LOS ANGELES — Their dad was the King of Pop, but Michael Jackson’s three kids remain paupers on paper.
The planned trust fund for Prince, Paris and Blanket remains empty three years after Jackson’s tragic demise, despite almost $600 million generated posthumously from Jackson’s music, legendary likeness and salvaged assets.
Lawyers and accountants are still sorting through the singer’s towering pile of debts and legal bills, and the process could take another two to five years, one lawyer told the Daily News.
In the meantime, Jackson’s kids live on a family allowance tightly controlled by estate executors and overseen by a judge.
“The probate is still pending, and although almost all of Michael’s personal debt has been or is about to be paid in full, the estate is technically still in debt,” estate lawyer Howard Weitzman said. “Once all of the creditors’ claims, taxes and pending litigations have been resolved, the trusts will be funded per court order.”
He declined to speculate on the size of the leftover fortune expected to flow into the trust fund.
“(It’s) too early to speculate on any precise number for a value.
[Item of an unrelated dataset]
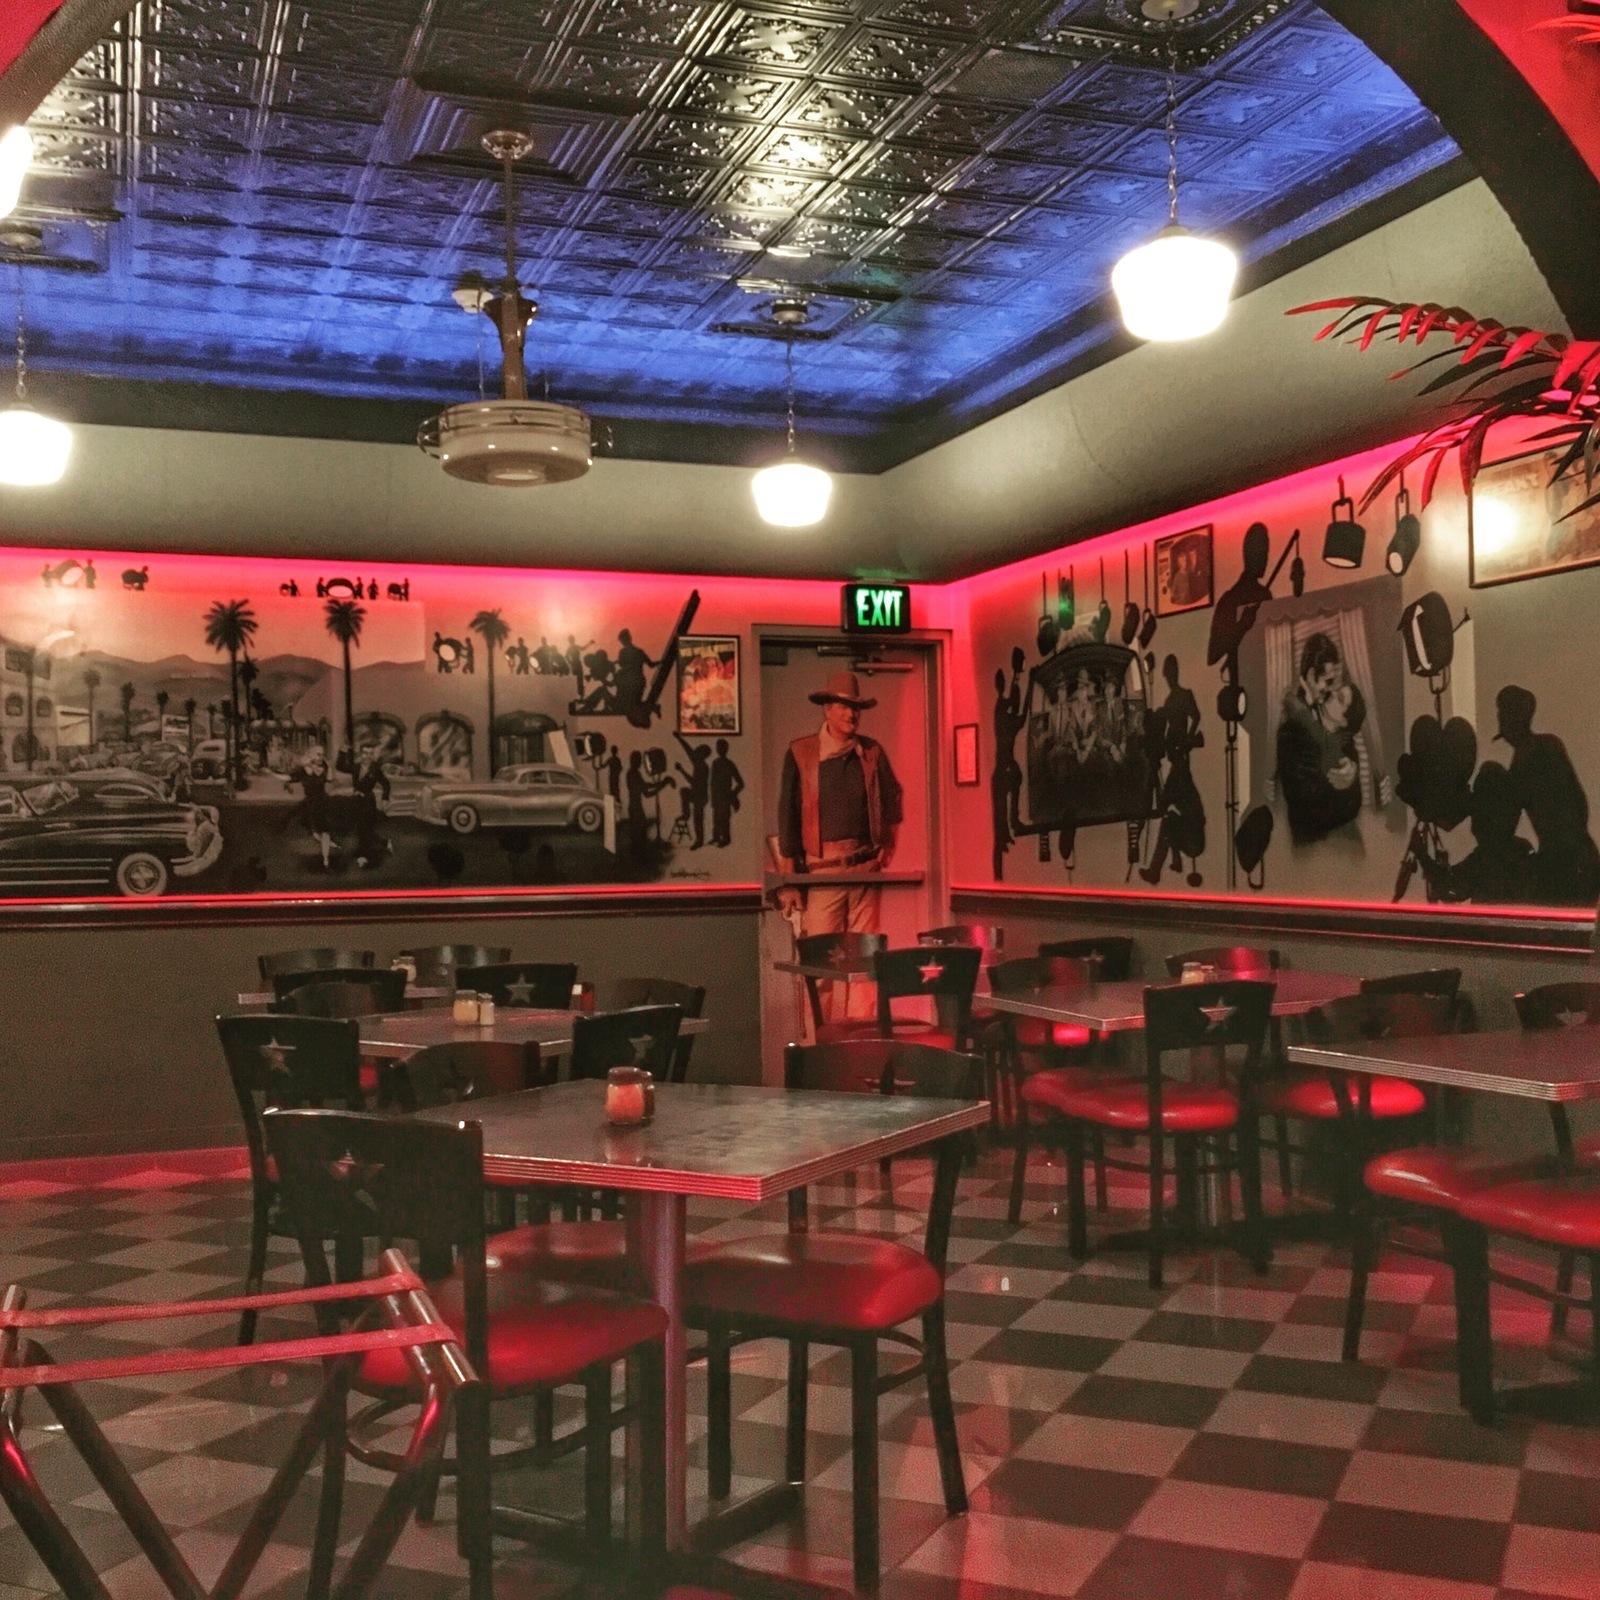 Hollywood Restaurant Cortland New York

It will be a substantial number, I’m certain,” Weitzman said.
Incredibly, estate lawyers still have to deal with upward of $100 million in financial responsibilities.
The “Michael Jackson Family Trust” calls for the singer’s three kids to share 50% of the trust balance, with the other half going to the Gloved One’s mother, Katherine Jackson, during her lifetime.
Katherine — the kids’ 82-year-old guardian and co-estate administrator — has not received a dime from her portion of the trust, either.
She, too, remains on an allowance, and the financial situation has sparked issues among some members of the Jackson clan, who went to war over Katherine this summer.
Michael’s disinherited brothers Randy and Jermaine and sisters Janet and Rebbie whisked Katherine away to an Arizona spa for “health reasons” and demanded estate executors John Branca and John McClain resign, citing alleged fraud.
Paris, 14, waged a scathing Twitter campaign to get her grandmother home, and a judge temporarily stripped Katherine of guardianship.
Michael’s siblings claimed their actions weren’t motivated by money, but another source told The News some relatives want to accelerate Katherine’s access to Michael’s cash because she most likely would share the wealth with them before she dies.
“To some of Katherine’s children, this is a shocking situation. They see on paper that Michael has made $600 million and cannot understand why all of it is not going to the family,” a separate source told The News. “This has been the case for a long time. They always think the worst is happening and people are taking money.”
Michael’s children may be broke on paper, but they enjoy a lavish lifestyle in a gated mansion with private schooling, round-the-clock security and vacations — all at a cost of more than $70,000 a month.
In the long term, Prince, 15; Blanket, 10, and Paris will end up multimillionaires thanks to their dad’s enduring popularity, his purchase of a 50% stake in the Sony/ATV music catalogue that owns much of the Beatles’ iconic music and shrewd business deals by his estate.
Since Michael’s death, the executors have turned his legacy into a moneymaking machine with lucrative music, theatrical and merchandising deals.
On Michael’s orders, Prince, Paris and Blanket will each have to wait until they’re 21 to touch their riches — but by then they will land whopping regular handouts.
They get lump sums at ages 30, 35 and 40, the trust states.
Blanket could walk off with $250 million when he reaches the big 4-0.
In the meantime, the kids appear to be thriving.
Since Michael died, “multiple millions of dollars from (estate) earnings have been spent for the children and for Mrs. Jackson as well,” Weitzman said.
Katherine Jackson’s lawyer Perry Sanders also is seeking an audit of the estate’s earnings.
“My audit is being done to see the details of where the money is coming from and where it is going,” he said. “The beneficiaries should be entitled to all detailed documentation so they can see what their money is paying for.”
Planned trust fund for Michael Jackson’s children remains empty three years after King of Pop’s tragic demise
In the meantime, Prince, Paris and Blanket live on a family allowance tightly controlled by estate executors and overseen by a judge.